WHAT IS REQUIRED:
Where the data below shows a picture, leave that picture out and copy the rest exactly.

--- INFORMATION SUPPLIED ---

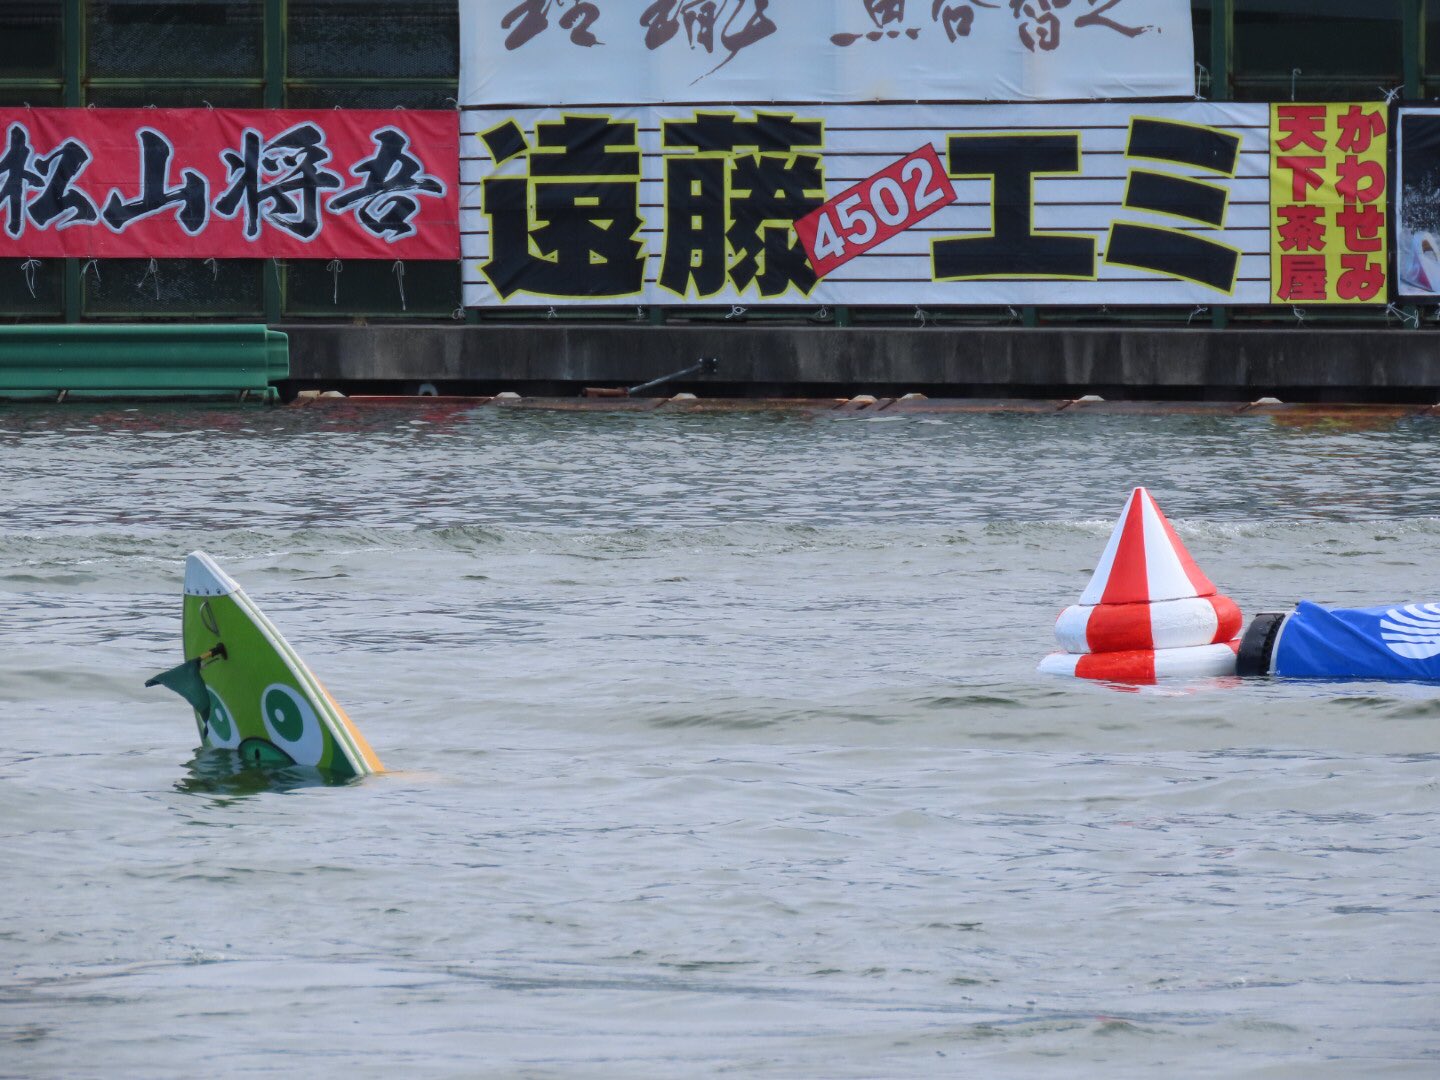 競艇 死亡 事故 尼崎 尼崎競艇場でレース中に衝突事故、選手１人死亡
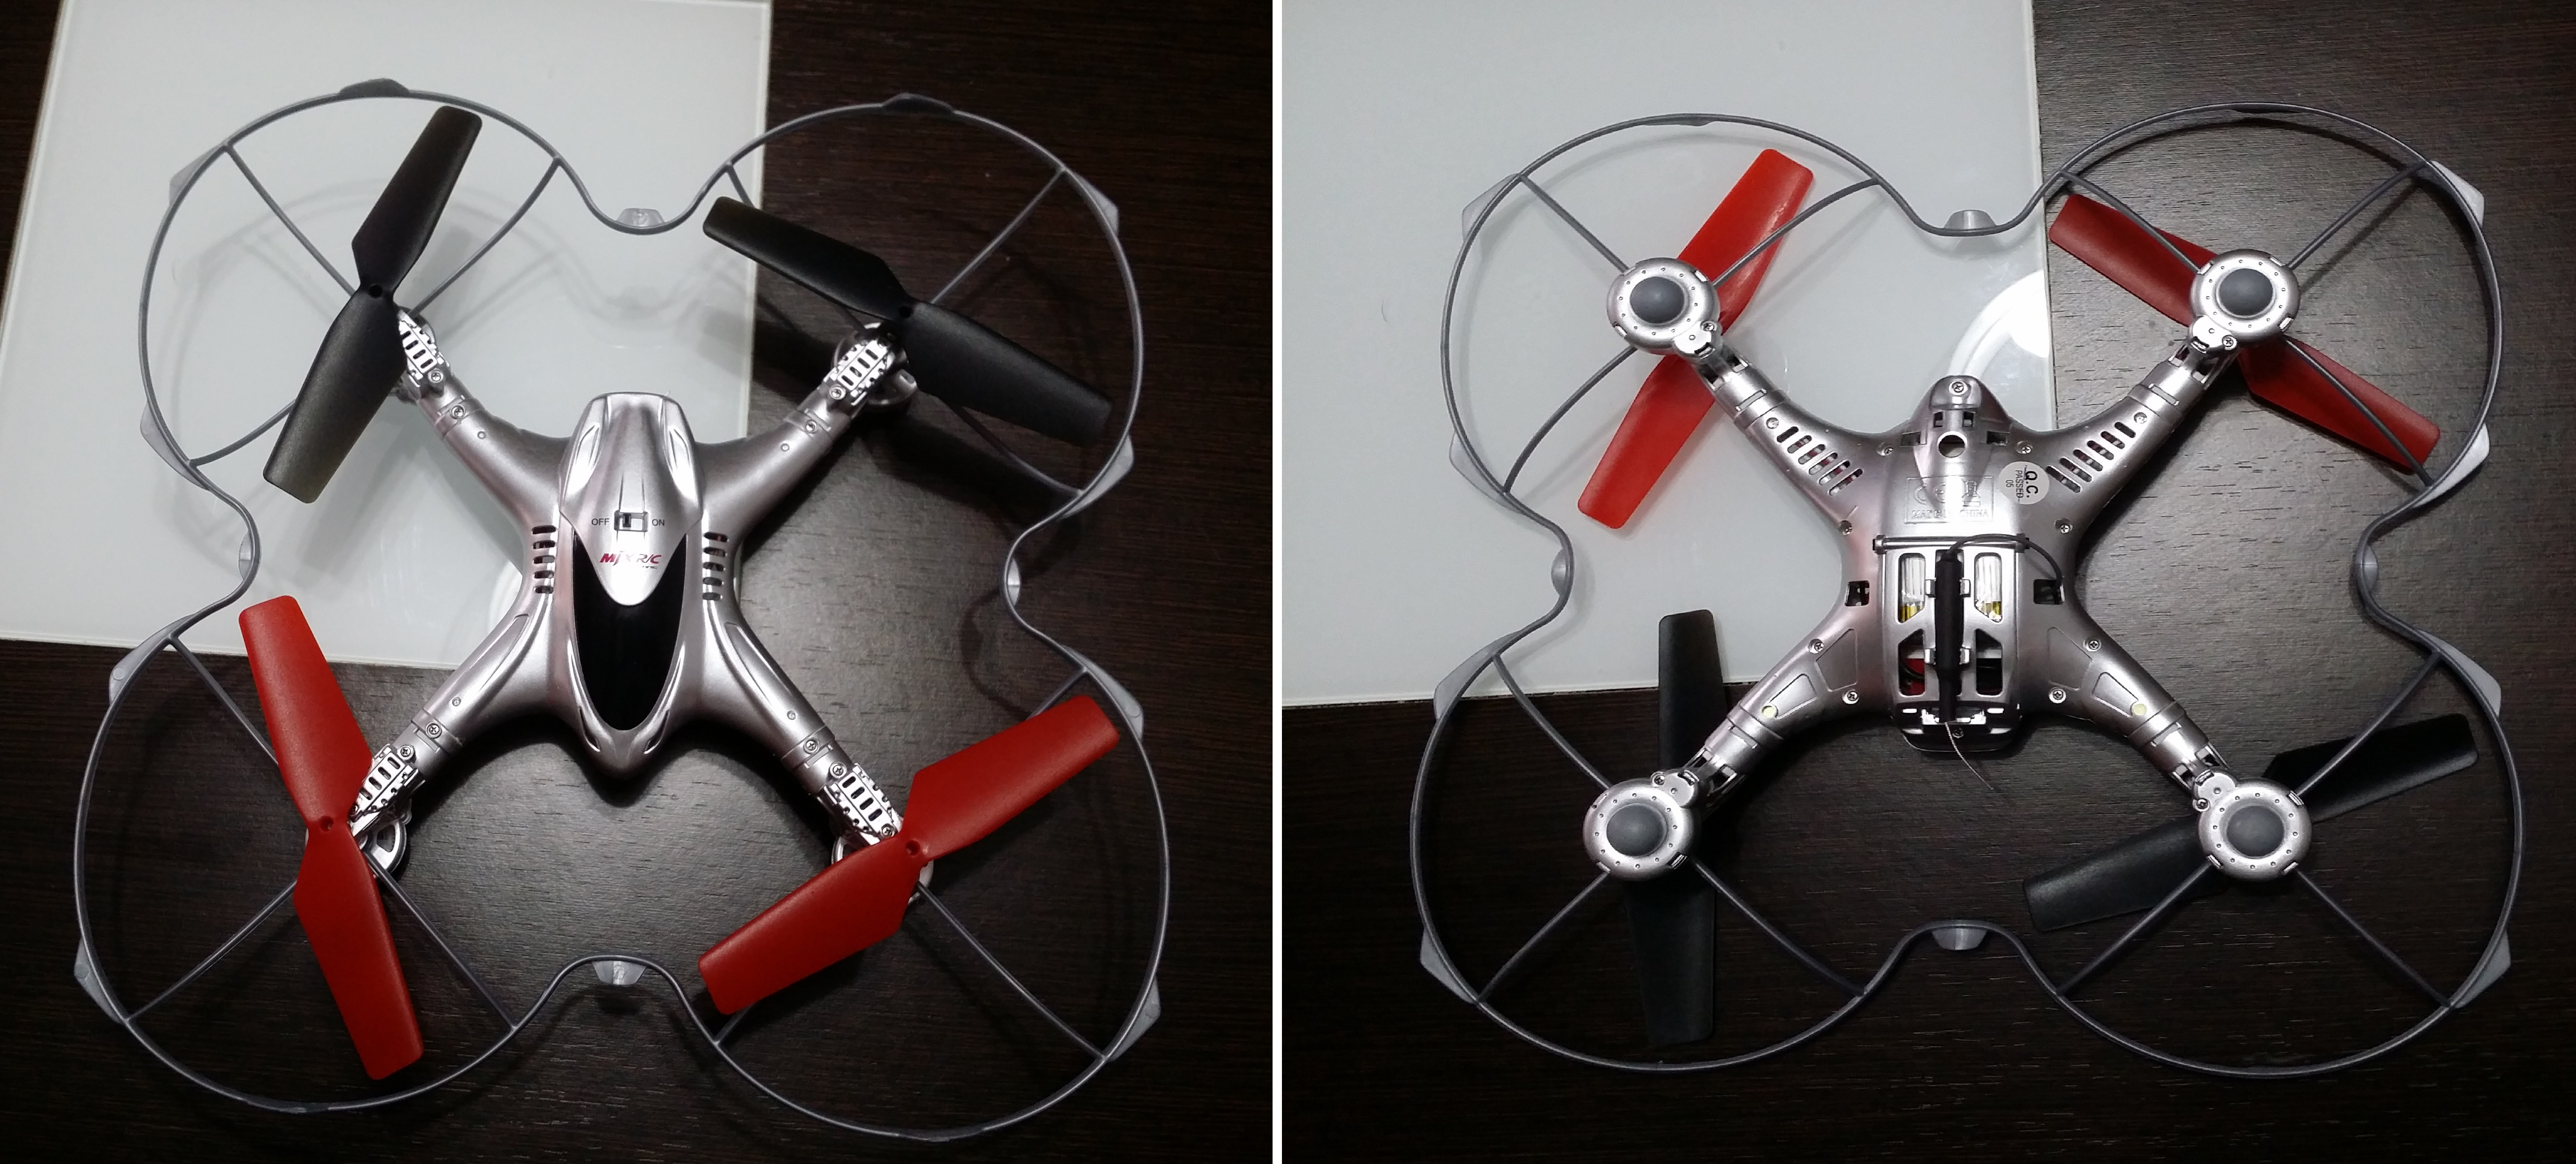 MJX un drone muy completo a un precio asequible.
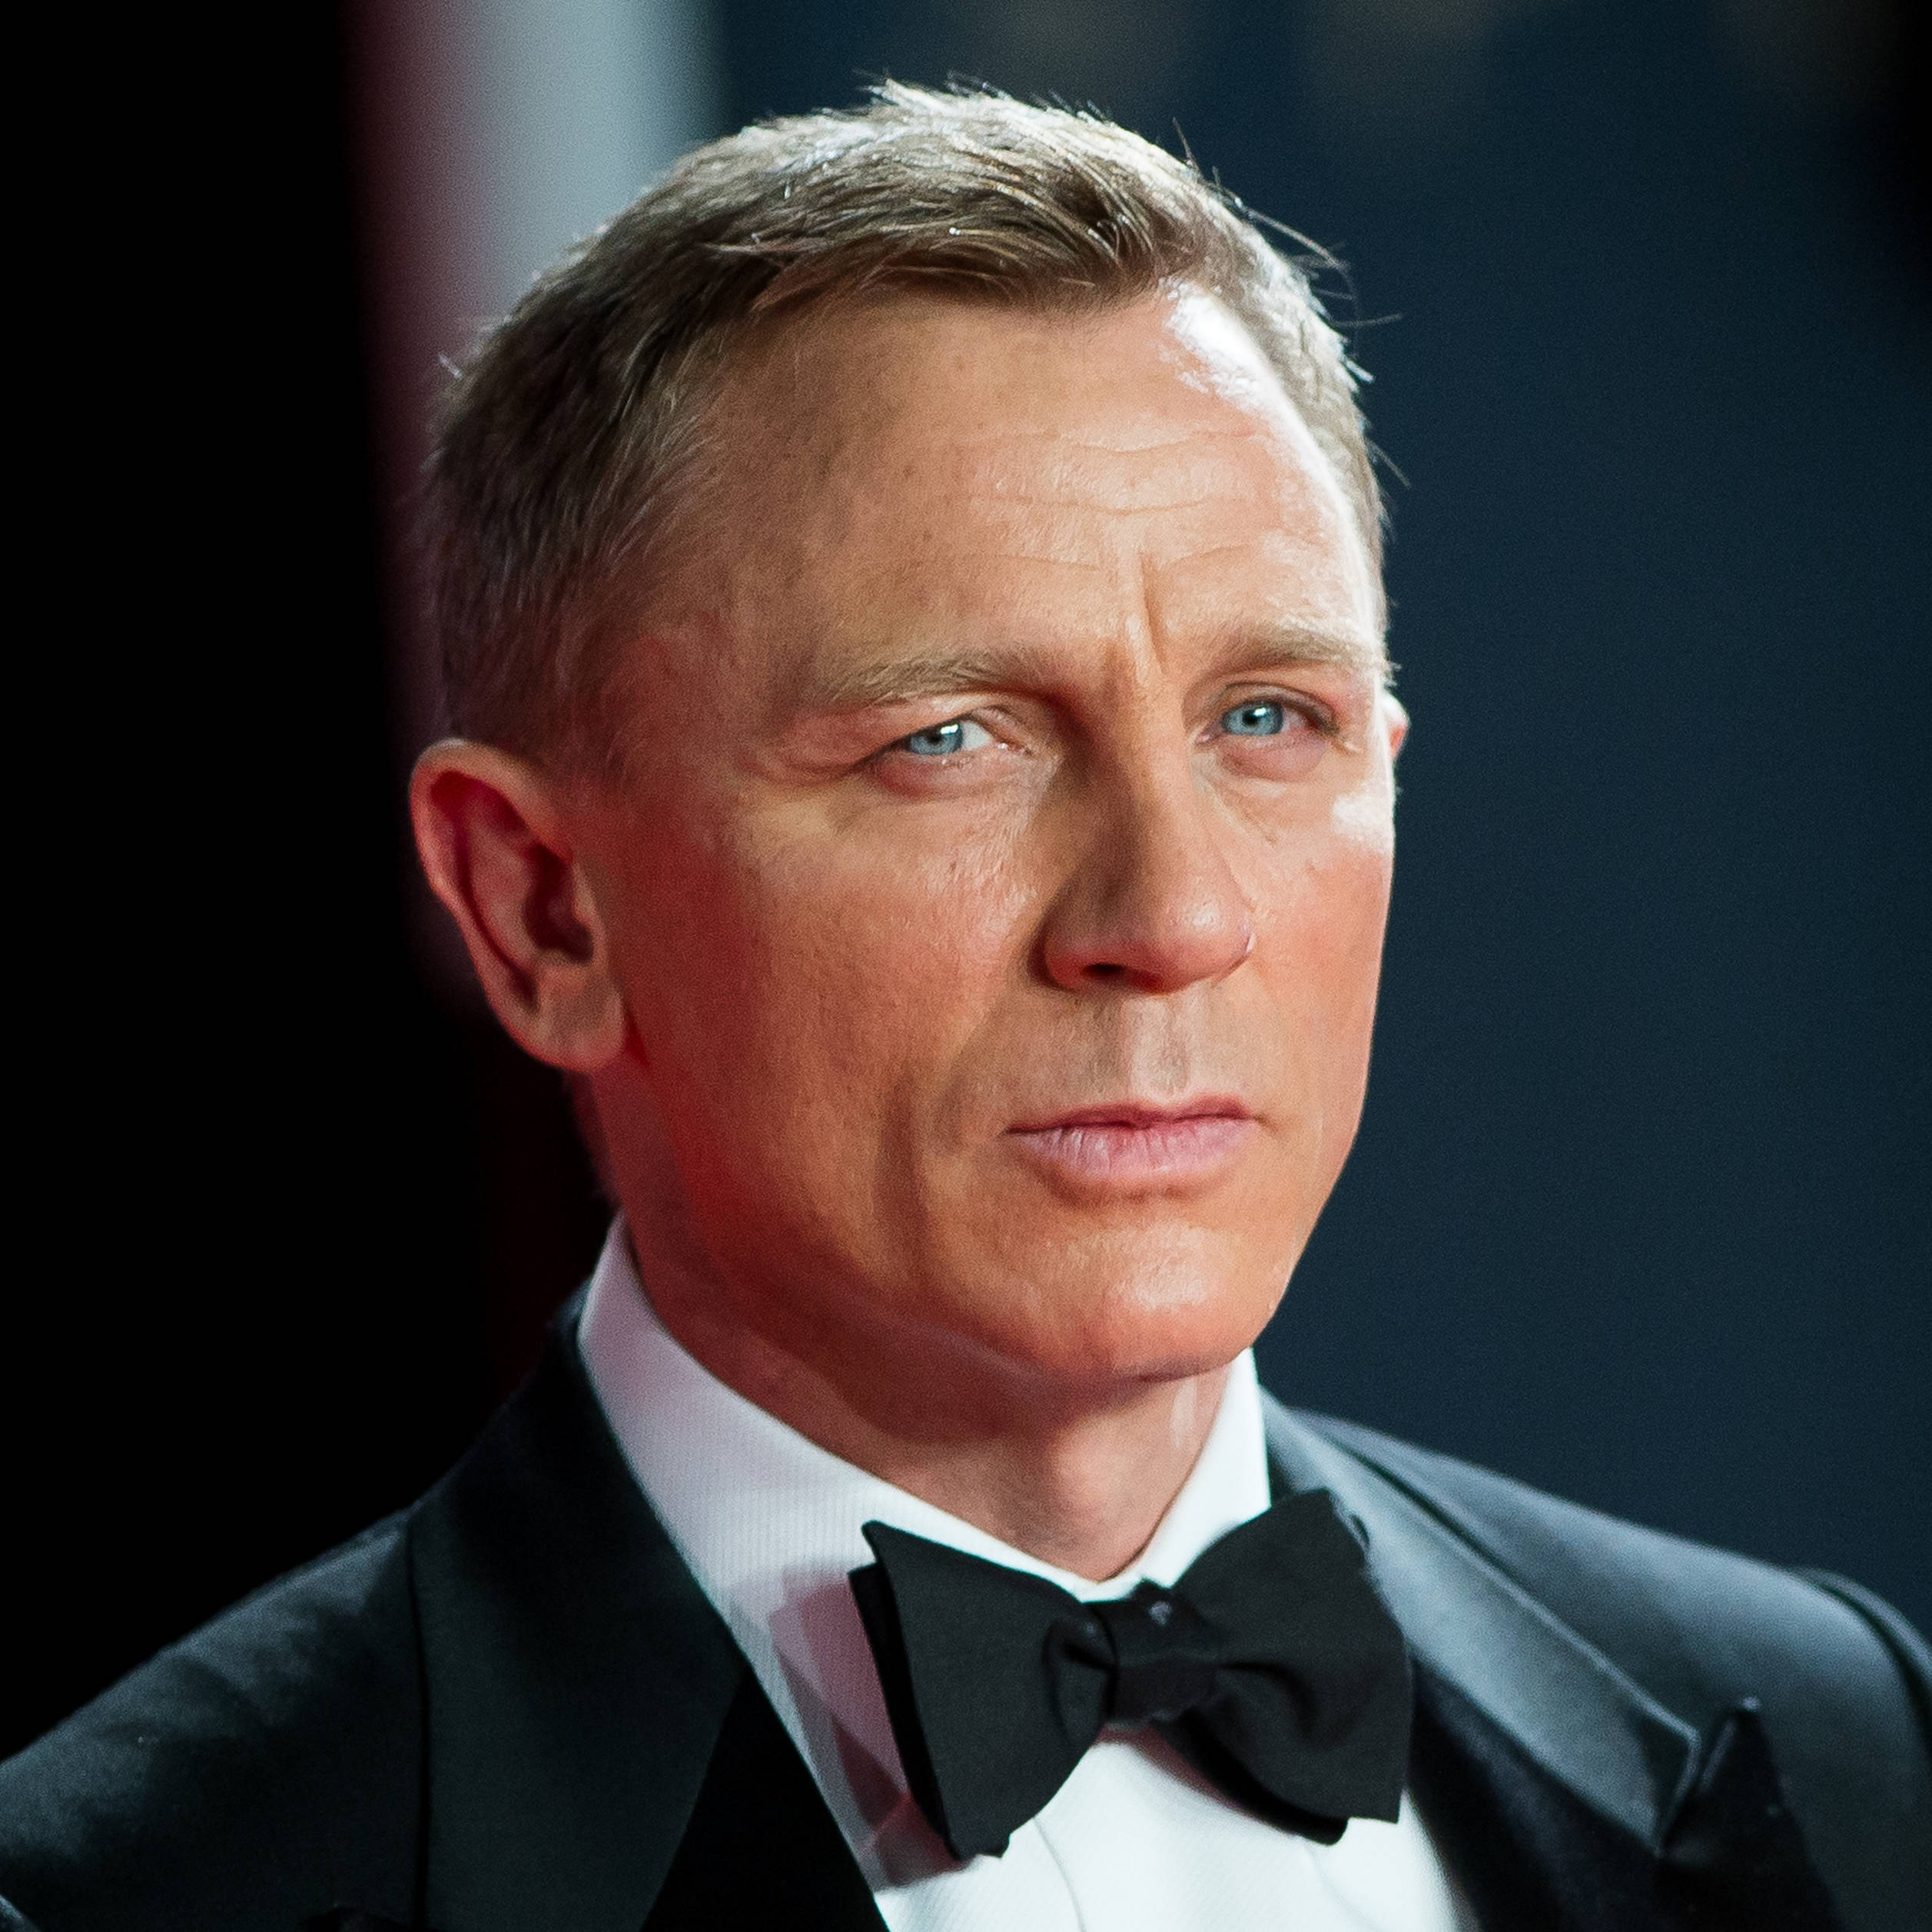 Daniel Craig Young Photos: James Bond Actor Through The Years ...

---

ANSWER TO THE PROBLEM:
 競艇 死亡 事故 尼崎 尼崎競艇場でレース中に衝突事故、選手１人死亡
 MJX un drone muy completo a un precio asequible.
 Daniel Craig Young Photos: James Bond Actor Through The Years ...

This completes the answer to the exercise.